English

• 1. INTRODUCTION

  The programming of multinuclear metal clusters remained a charming research area in the matter of coordination and material chemistry^[1]. This was mainly attributed to the engaging structure diversity and the proverbially application as functional materials in areas of catalysis, conductivity, porosity, luminescence, magnetism, spin-transition and non-linear optics^[2-9]. Although the assembly of multinuclear metal clusters had made great progress in recent years, the enthusiasm for the construction of multinuclear metal clusters was not decreased. There were many restricted factors such as metal ions, nature of organic ligands, reaction temperature, pH value of the solution and so on^[10-13]. In addition, hydrogen bonds and π-π stacking interactions all made great contributions to the construction of fascinating structures for multinuclear metal clusters by connecting low-dimensional motifs into higher-dimensional supramolecular frameworks^[14]. Therefore, the self-assembly of multinuclear metal clusters was a long-term mission and still had many sealed challenges for us. Furthermore, how to design and select a multi-functional ligand was the core factor for the synthesis of various frameworks for multinuclear metal clusters.

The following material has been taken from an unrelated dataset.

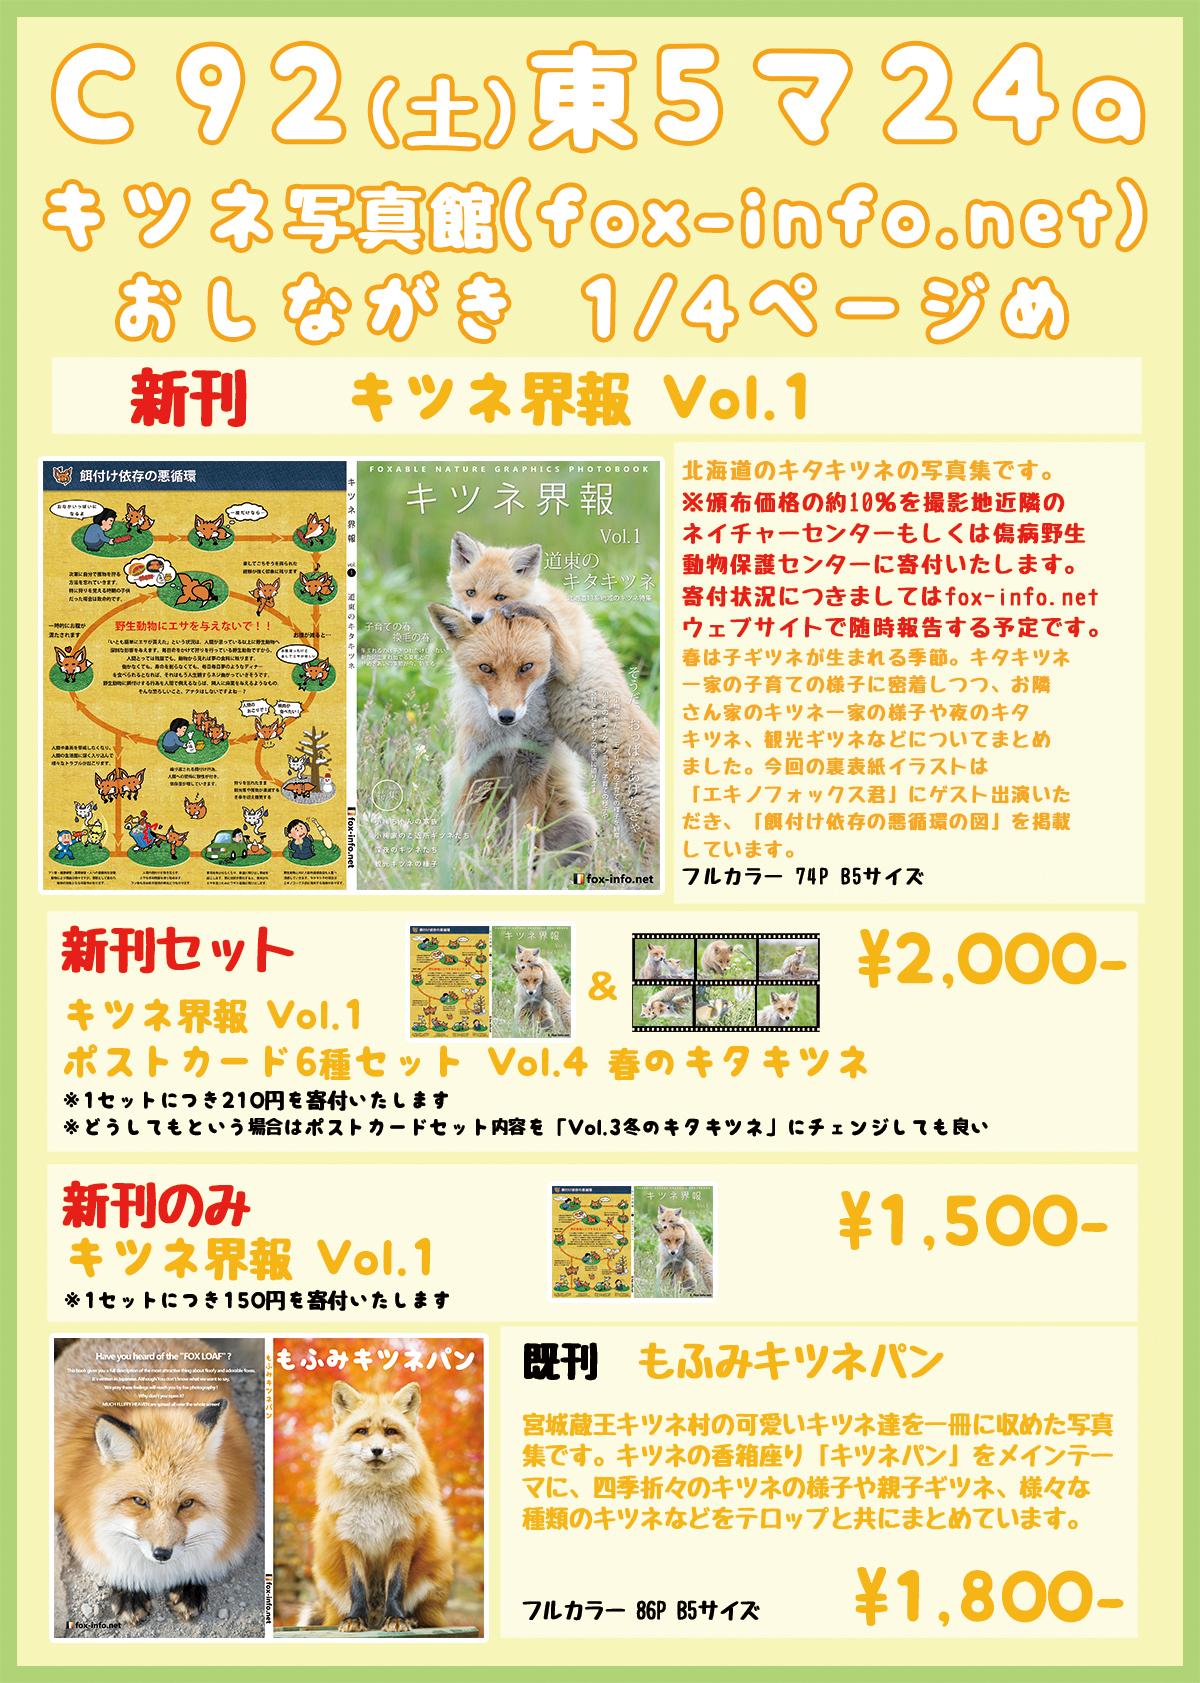 C92_fox-info.net(キツネ写真館)

  In recent years, rare examples of copper(Ⅱ) complex with 2-(1H-pyrazol-3-yl)pyridine (HL) had been reported up to now^[15-18], while multinuclear copper(Ⅱ) clusters with this ligand were not found in the record literature. HL had three underlying bonding sites consisting of three N atoms from pyrazole and pyridine rings when it was fully deprotonated. Consequently, the coordination modes of HL were diffusely studied as a multifunctional ligand. Meanwhile, copper (Ⅱ) complexes emitted strong attraction owing to the elastic coordination sphere of Cu (Ⅱ) ion and the universal applications of its conjugation in miscellaneous fields such as magnetism, biology and medicine^[19-21].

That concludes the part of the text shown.